No one expects trust to be broken when they engage trusted individuals and companies to safeguard that which requires security, such as protected health information (PHI) and personally identifiable information (PII). Yet that is what happened to Gwinnett Medical Center (GMC) and its Lawrenceville and Duluth, Georgia, hospitals when Vikas Singla, chief operating officer of Securolytics, broke the bond of trust. Singla, indicted by a grand jury on June 08, 2021, is the subject of an 18-count indictment surrounding his role in aiding and abetting unidentified criminals in their exploitation of Gwinnett’s Ascom phone system and several Lexmark printers used across the medical entity in 2018.

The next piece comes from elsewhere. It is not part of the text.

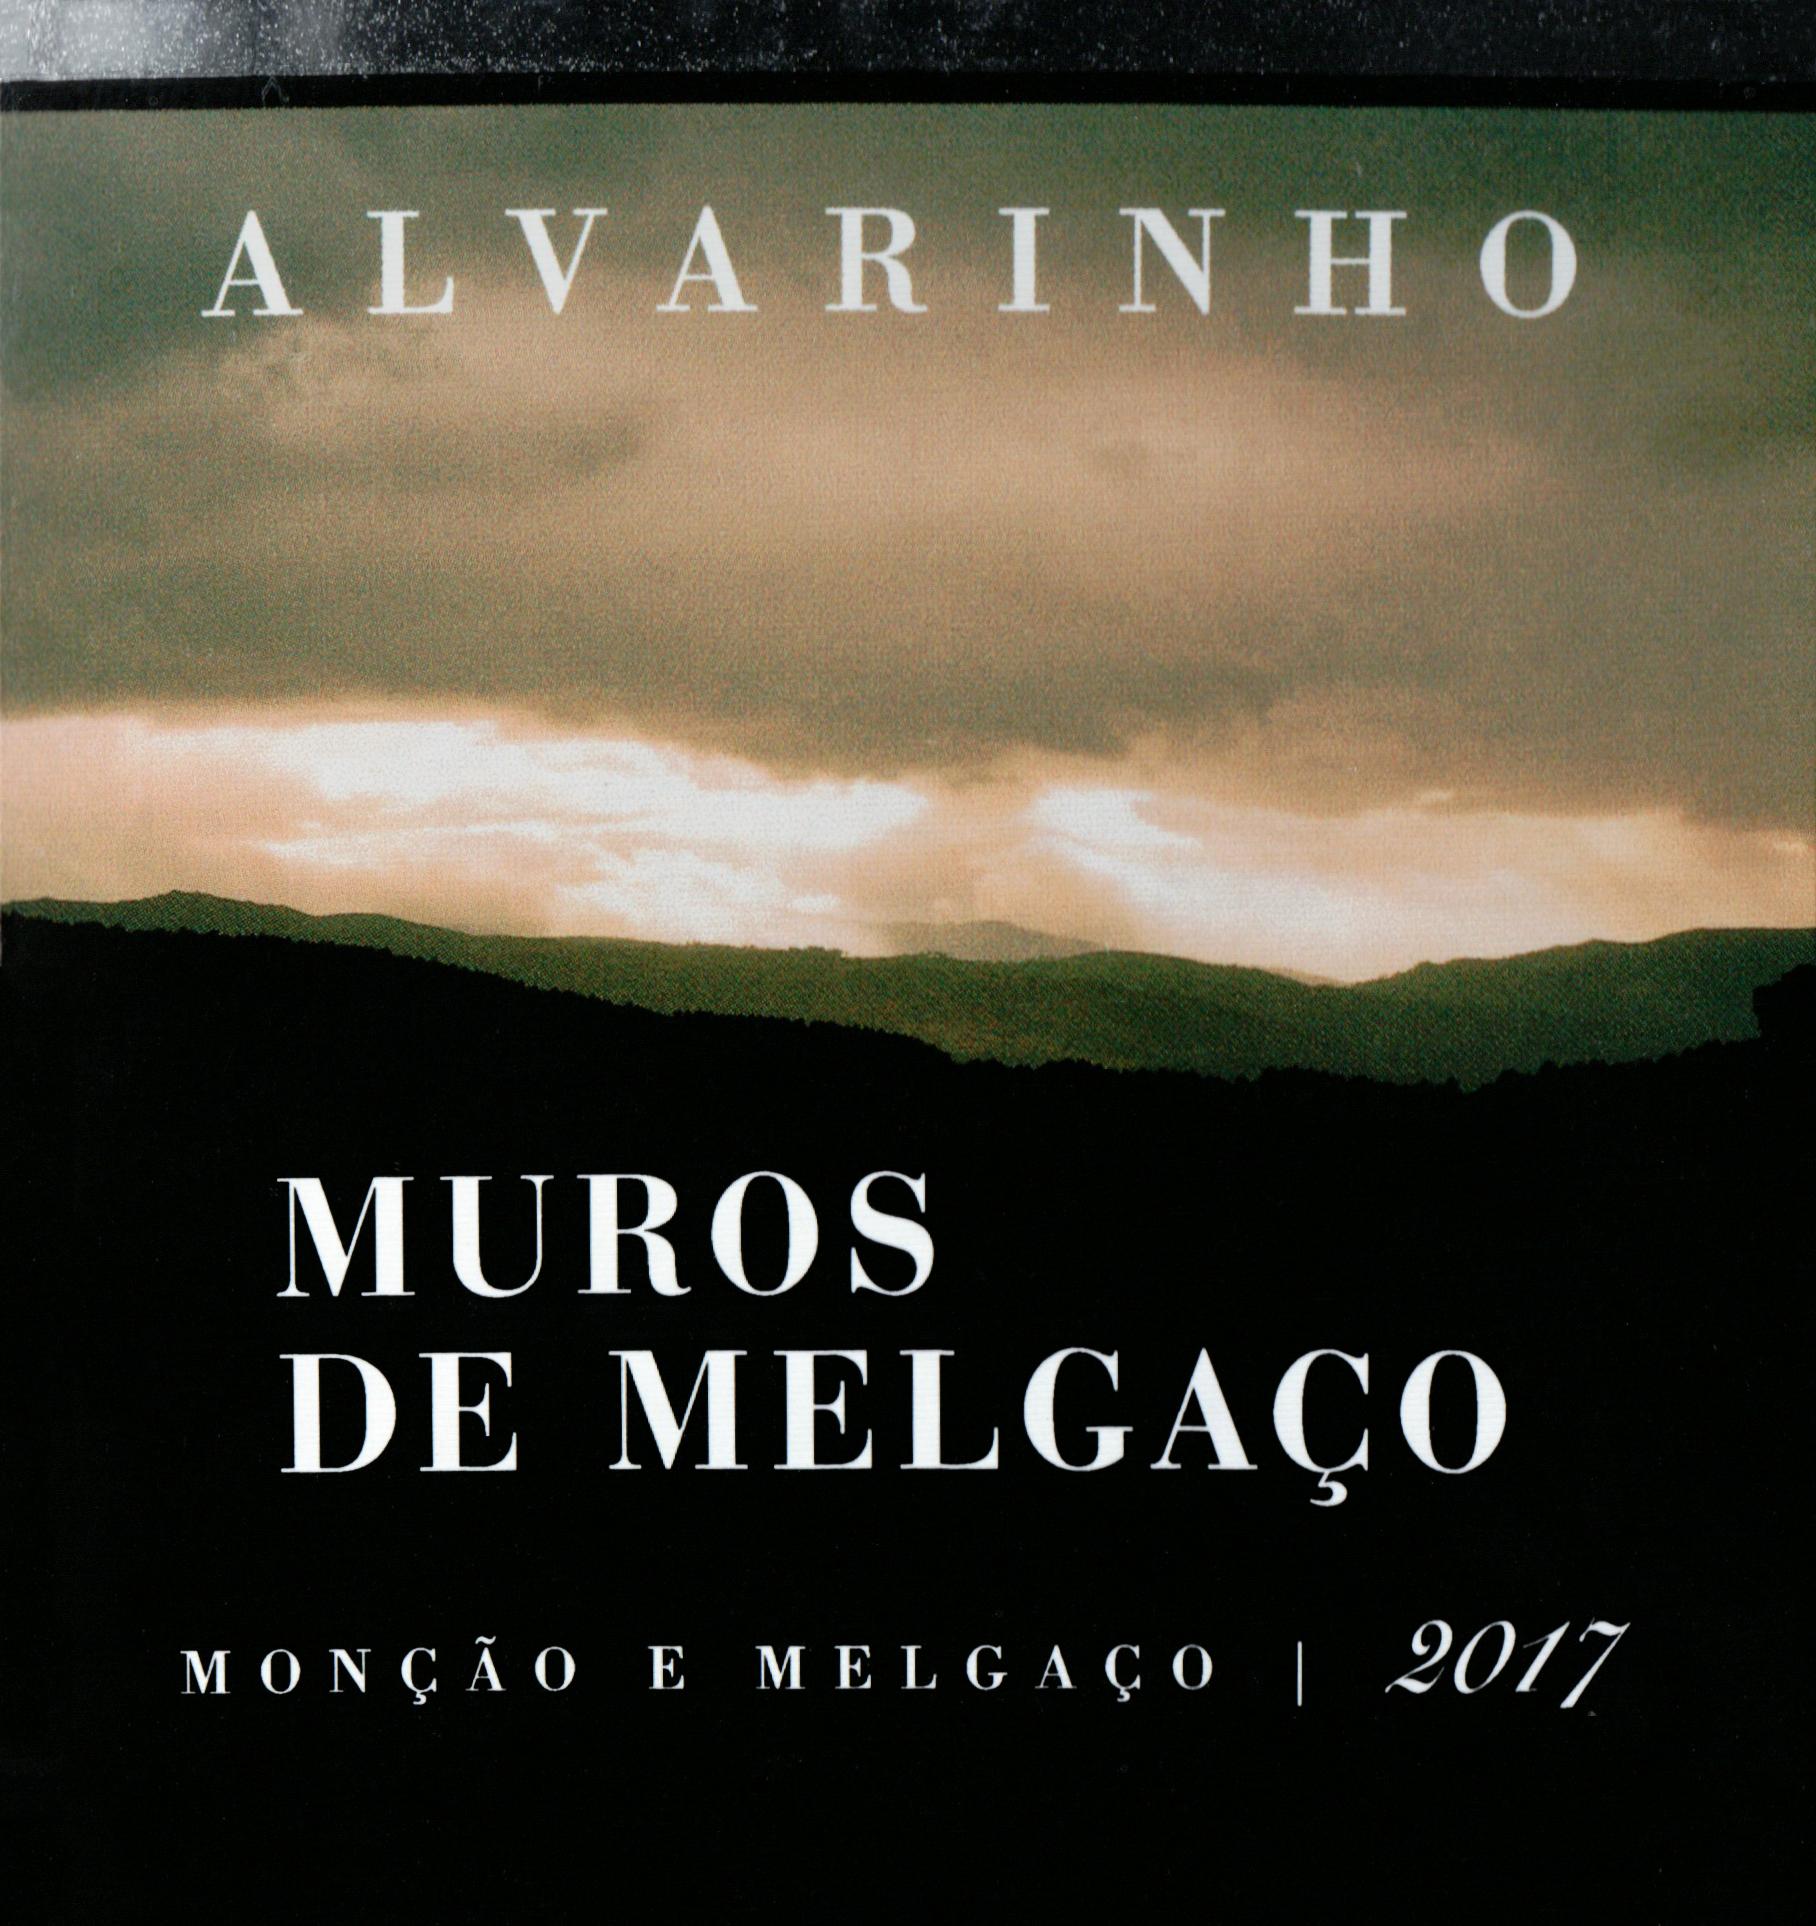 Anselmo Mendes Muros De Melgaco 2017

Vikas Singla assumed the role of COO at Securolytics in April 2016. In 2017 Securolytics discovered an exploit called the “Split Tunnel SMTP” exploit, and Singla was quoted as saying the firm tested the exploit against two organizations: a 400-employee hospital and an 11,500-employee healthcare system. Interestingly, Securolytics proffers a case study on how a “top 10 U.S. hospital trusts Securolytics to secure their connected medical and infrastructure devices and to be the ‘source of truth’ for automated IoT asset inventory.”
The “IT incident” at GMC
In October 2018, CSO reported that a possible data breach had occurred at GMC. At that time, a spokesperson for GMC said that there had not been a data breach, saying GMC was investigating an “IT incident.” The alleged attackers had accessed patient records and medical devices. Interestingly, the attackers took to taunting GMC via social network postings and made mention of “owning the Ascom system.”
The accusations Singla faces mesh nicely with GMC’s “IT Incident” in both timing and function (the exploitation of the Ascom phone systems). A review of the Department of Health and Human Services, Office for Civil Rights breach notification reports from 2018 make no reference to a HIPAA data breach involving more than 500 individuals.